“Oh, she slapped me, told me I was nothing but an ugly, red-headed little object of charity, and not to go imagining any more nonsense.”
Mrs. Malloy bit her lip to keep back the disparaging words which longed for utterance. Instead, she stroked the hand she held, and Meg continued:
“Since then I have played my little games by myself. Sometimes I go up to the attic, where I have a trunk containing mother’s things. I put on her dress and apron, and take a piece of crochet work in my hands,—the one she was making when she was taken sick,—and then I pretend that I am she, and that I am there, too,—you understand?”
Mrs. Malloy nodded. “And then I talk as I know she would talk to me if she were here. I give myself lectures for my frivolity, and good advice,—and,—and,—oh, I say the tender little things that I know she would say, and that no one ever does——” She stopped, and began to sob quietly.
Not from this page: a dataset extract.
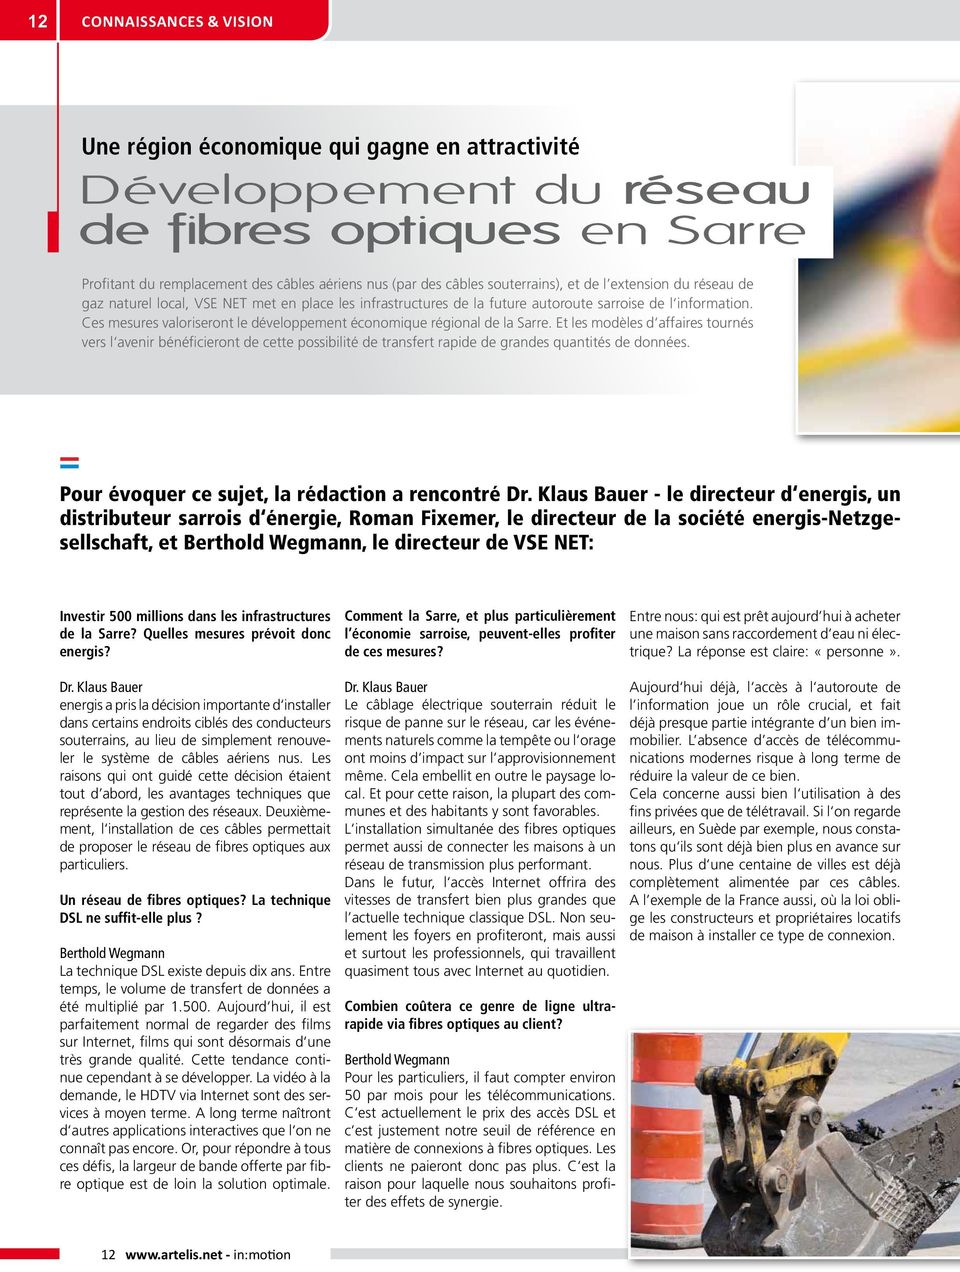 Ces mesures valoriseront le développement économique régional de la Sarre.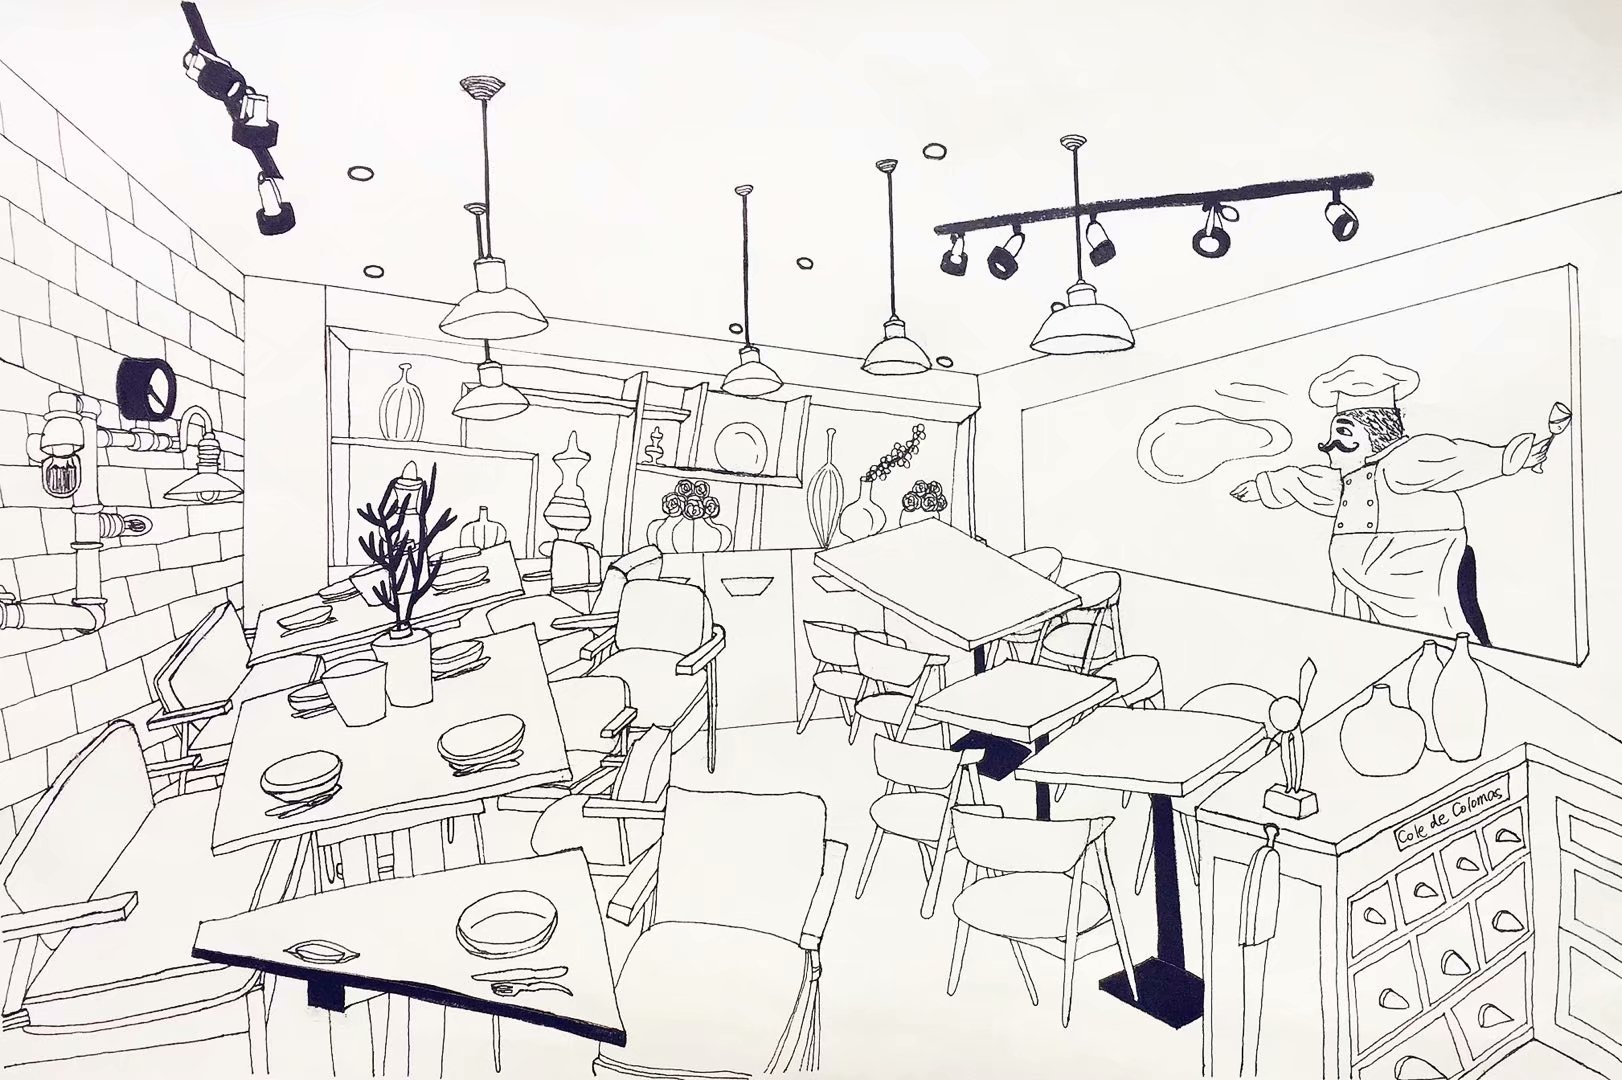 咖啡店室内设计,风景插画与自拍一张

Mrs. Malloy drew her up beside her, so that the little red head rested on her shoulder. There were unshed tears in her eyes, which had looked out bravely and hopefully upon a world that had little enough to offer her, and she felt, in this moment, that a very strong bond was between this girl, almost a stranger, and herself.
[CHAPTER IV.]
“Ope the sacred source of sympathetic tears.”
Meg was leaning back in delicious idleness on the cool, shaded porch of her aunt’s house, with her hands loosely clasped above her head, and her eyes dreamily fixed on the treetops.
Robert Malloy was reading aloud from a book of verse. His voice, rising and falling musically, harmonized with the summer sounds, the hum of the insects, and chirping of the birds that came fearlessly close, to bathe in the whirling spray of the garden hose.
After he had read a while he closed the book, and said, “Tell me a story.”